Write down the lines exactly as they appear, from the one that contains "BHA - 2% Salicylic" through the final line of the records, so that both ends are kept and no pictures come along.

Given information
+ + +

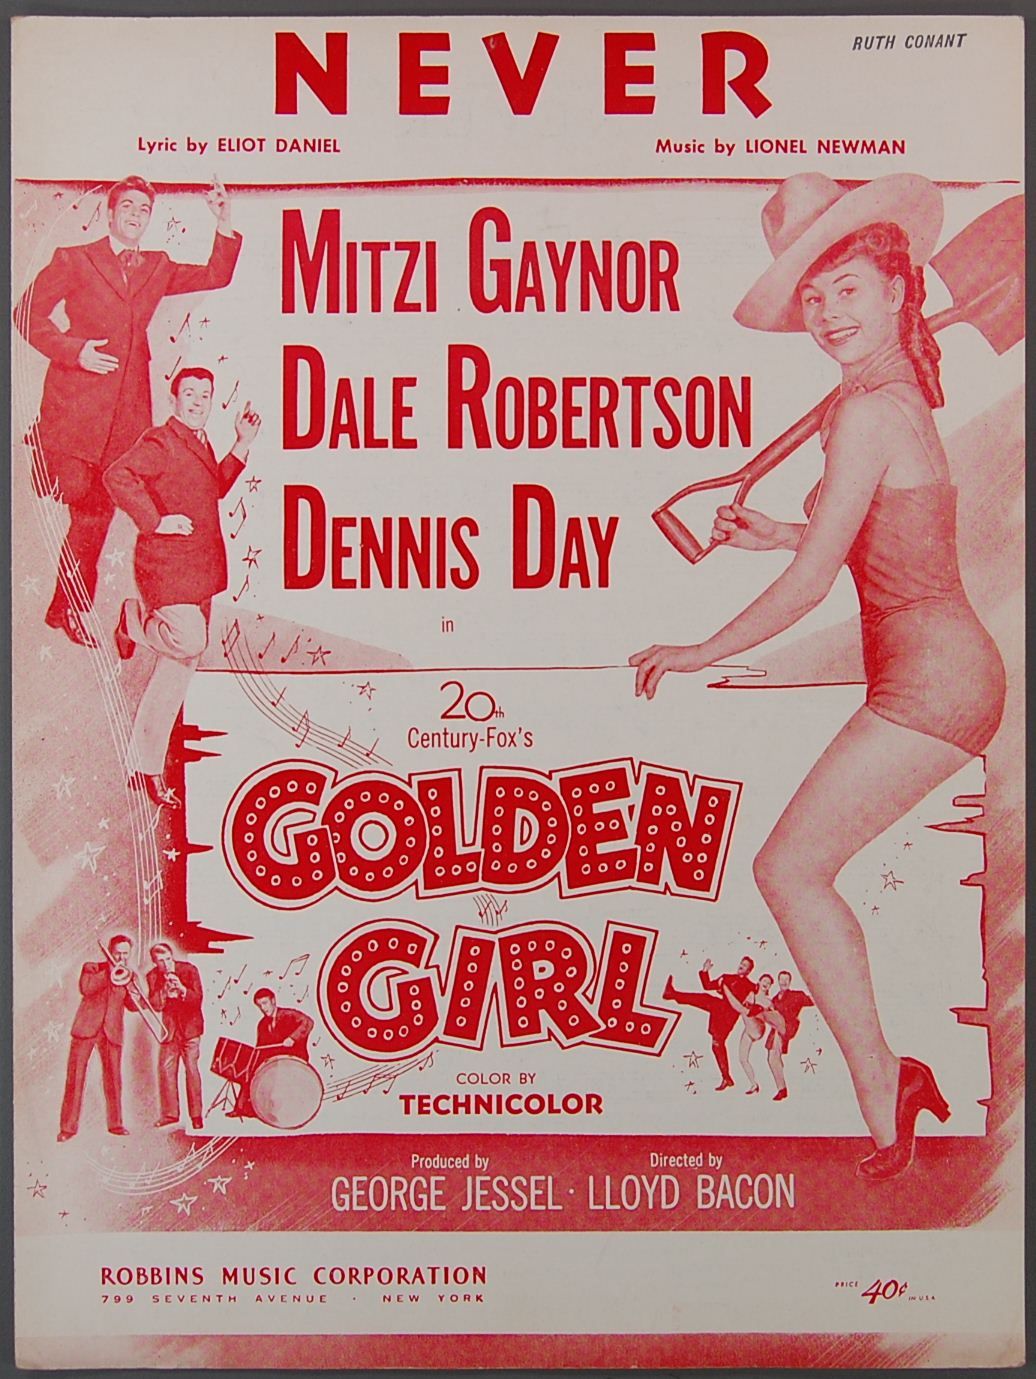 MITZI GAYNOR Golden Girl NEVER Daniel and Newman 1951 eBay
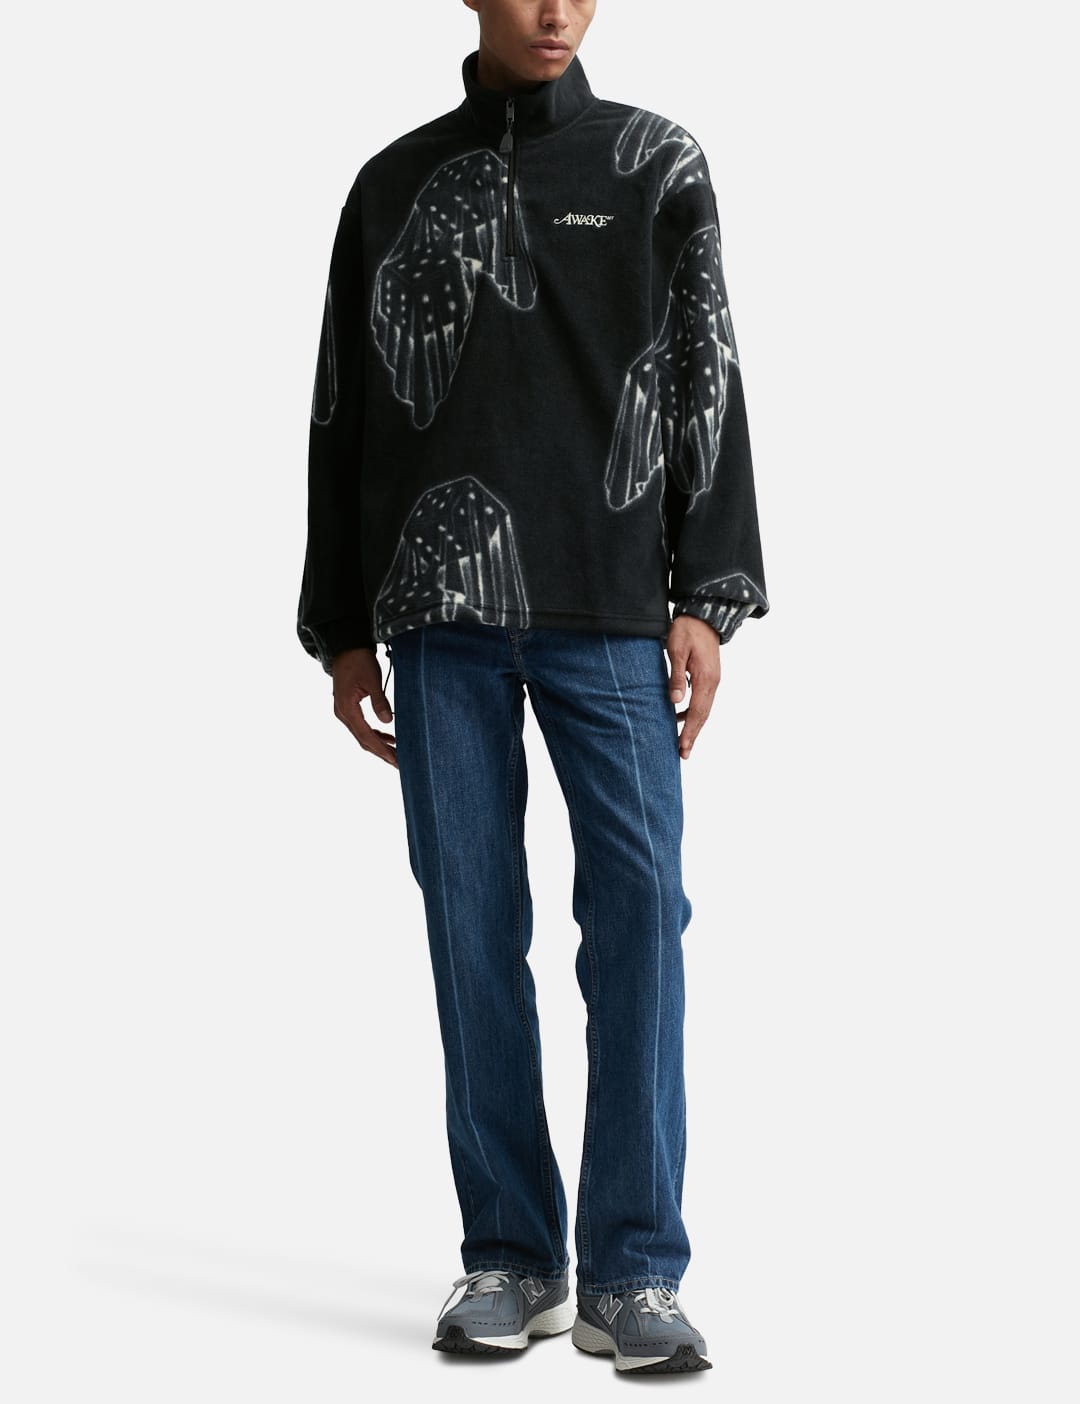 Awake NY - Dice Print Fleece Quarter Zip Pullover | HBX - Globally 
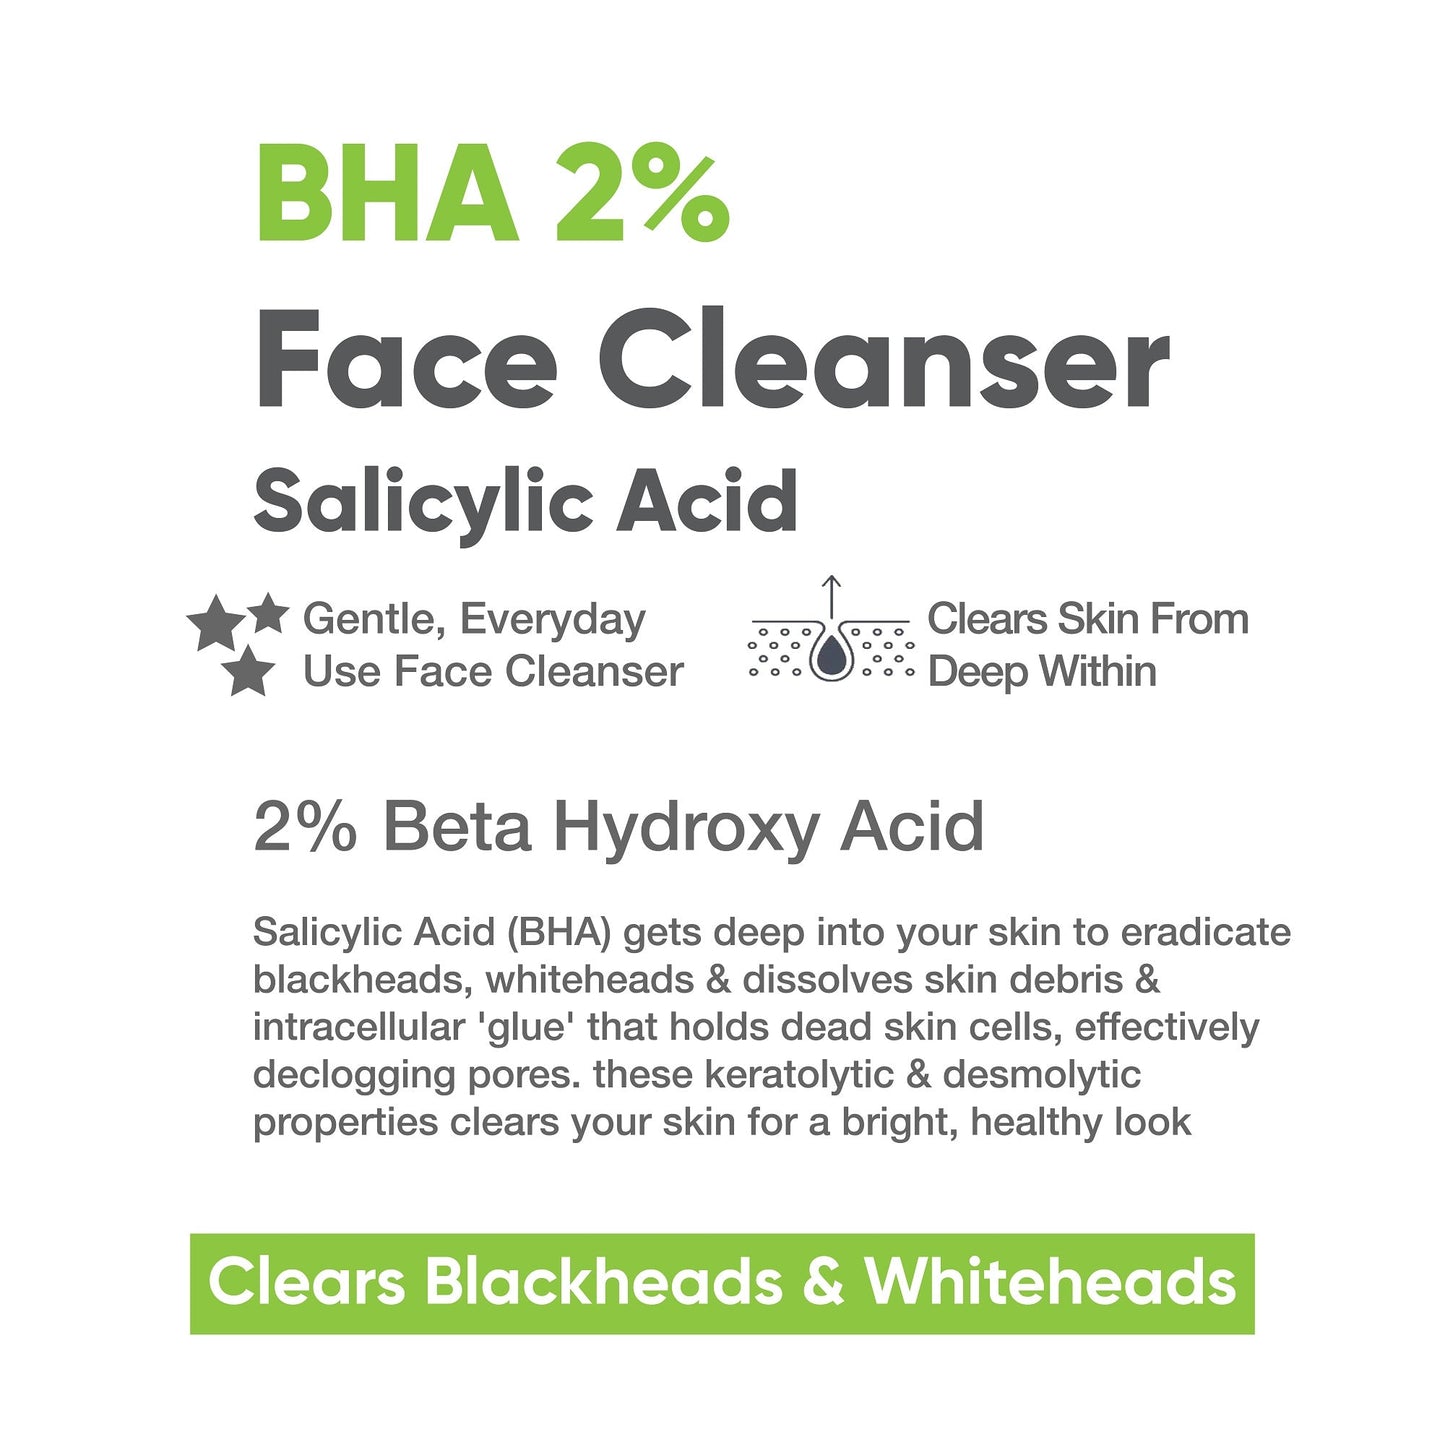 BHA - 2% Salicylic Acid Face Cleanser, 100ml - CosIQ
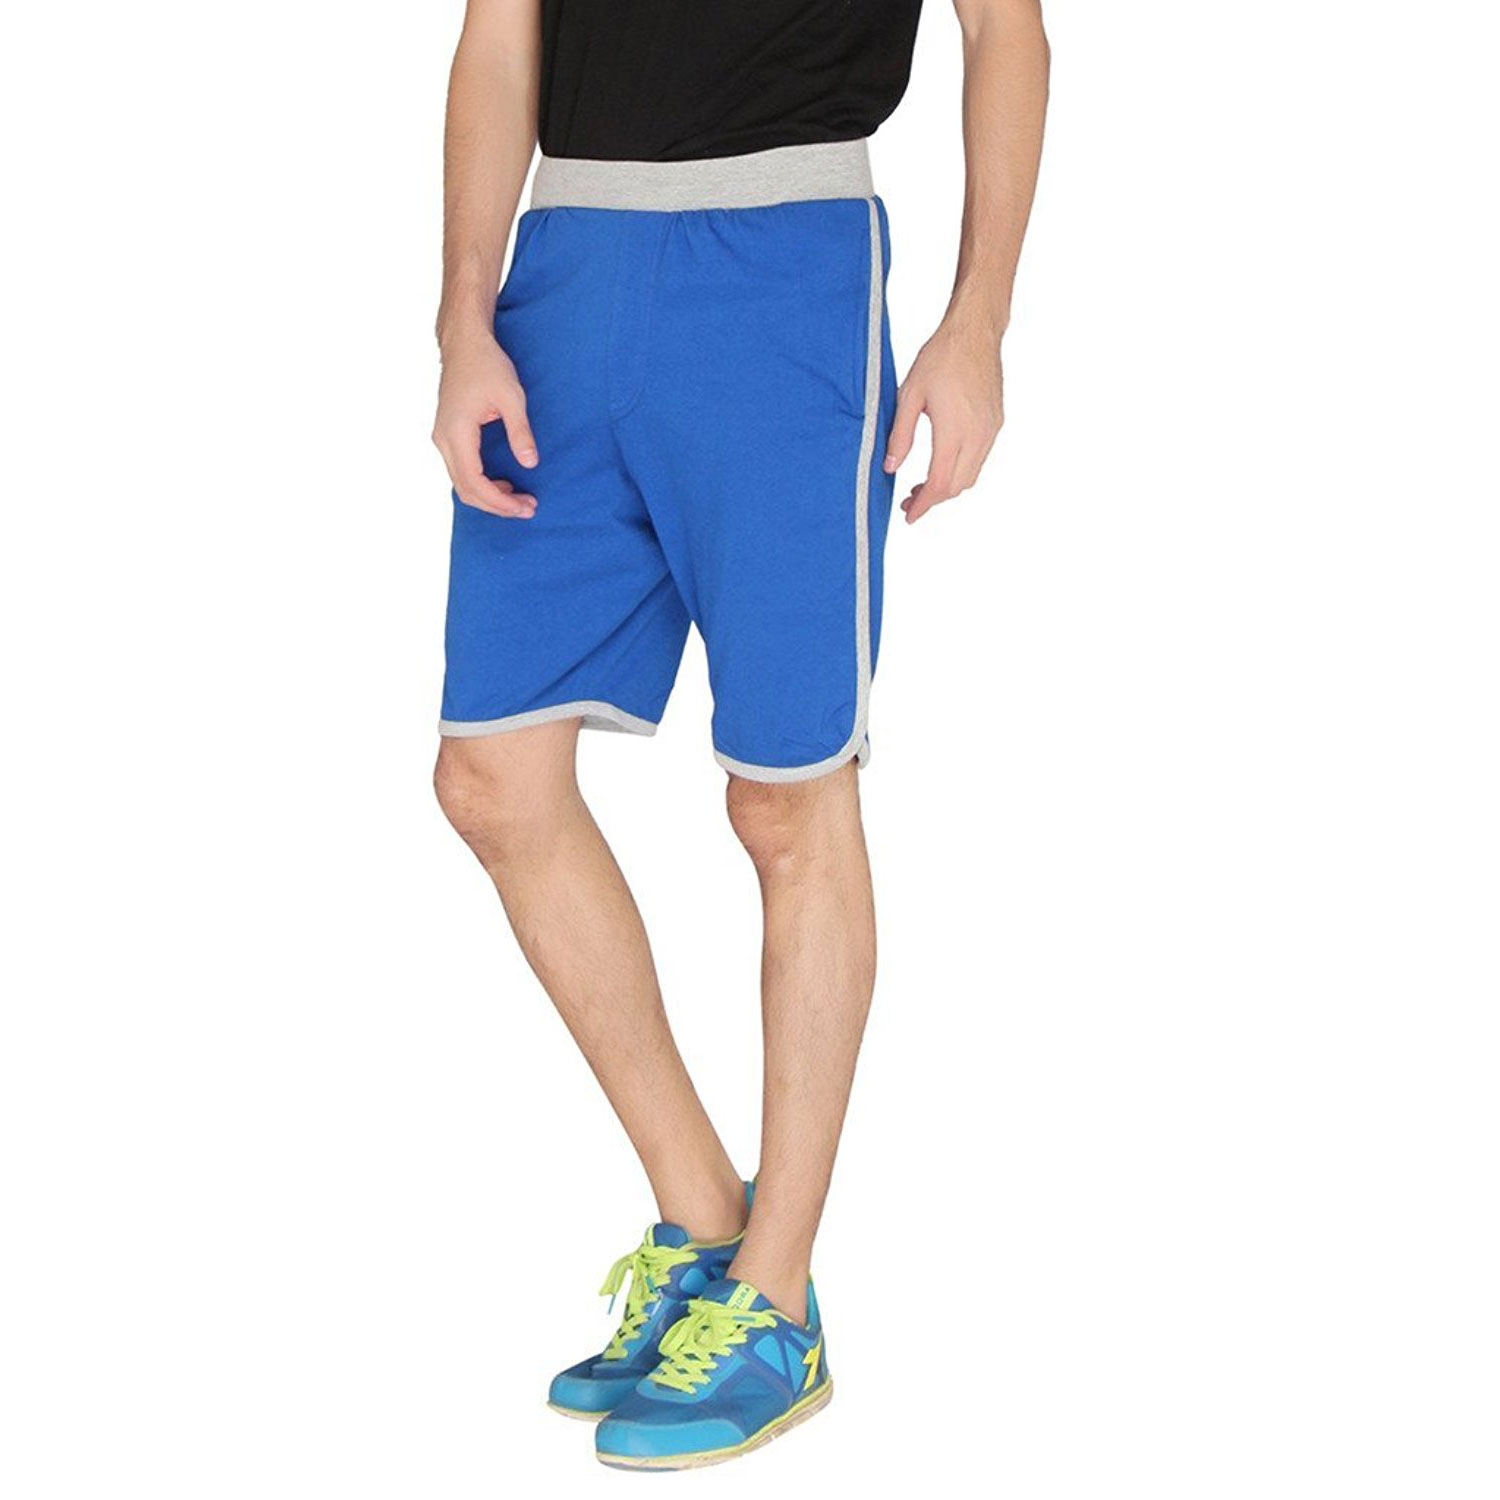   LUCfashion Men's Exclusive Premium Fashionable Sports Shorts
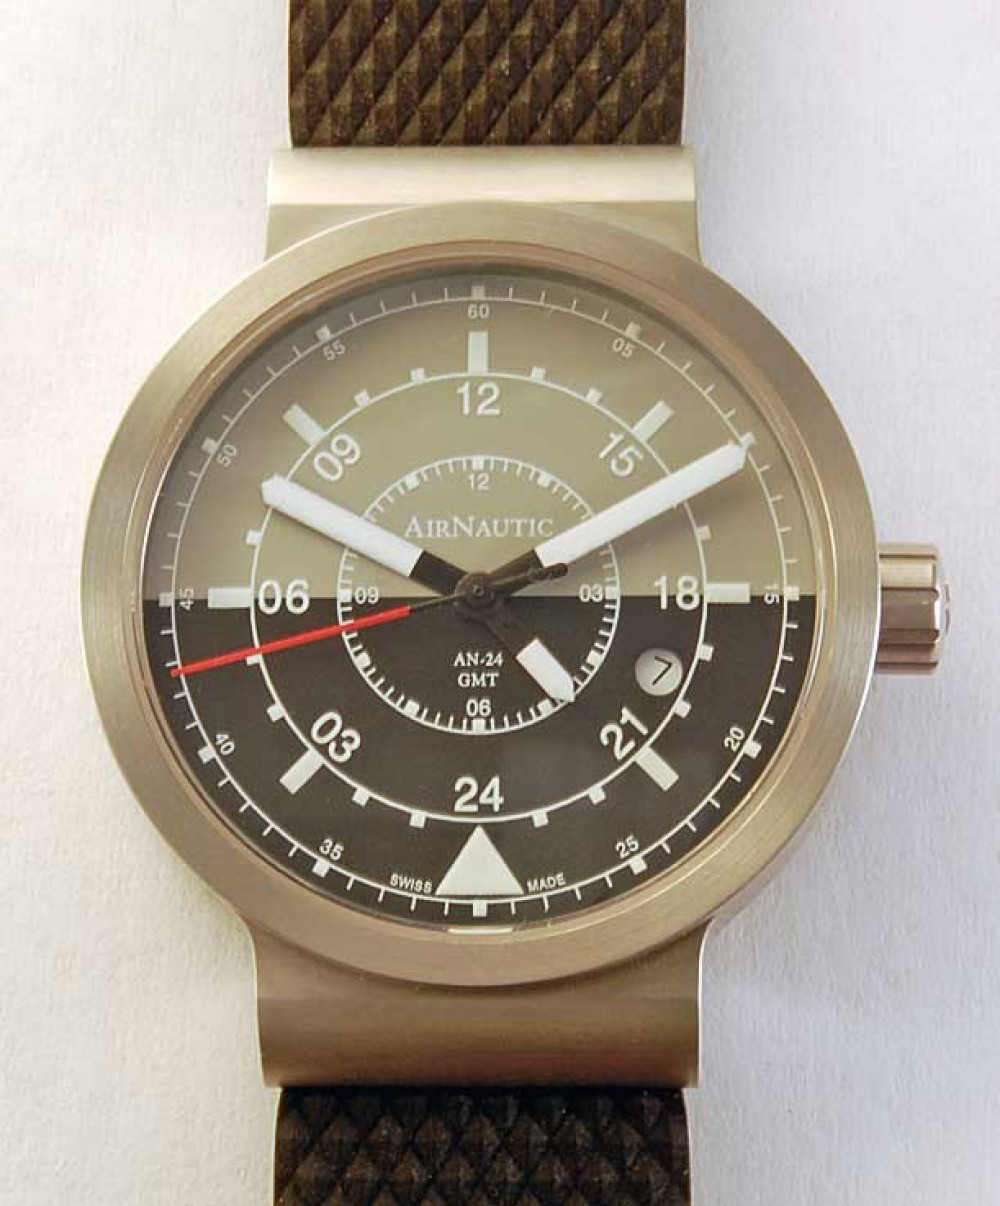 Zegarek firmy Airnautic, model AN-24 GMT

+ + +

Task answer
 BHA - 2% Salicylic Acid Face Cleanser, 100ml - CosIQ
   LUCfashion Men's Exclusive Premium Fashionable Sports Shorts
 Zegarek firmy Airnautic, model AN-24 GMT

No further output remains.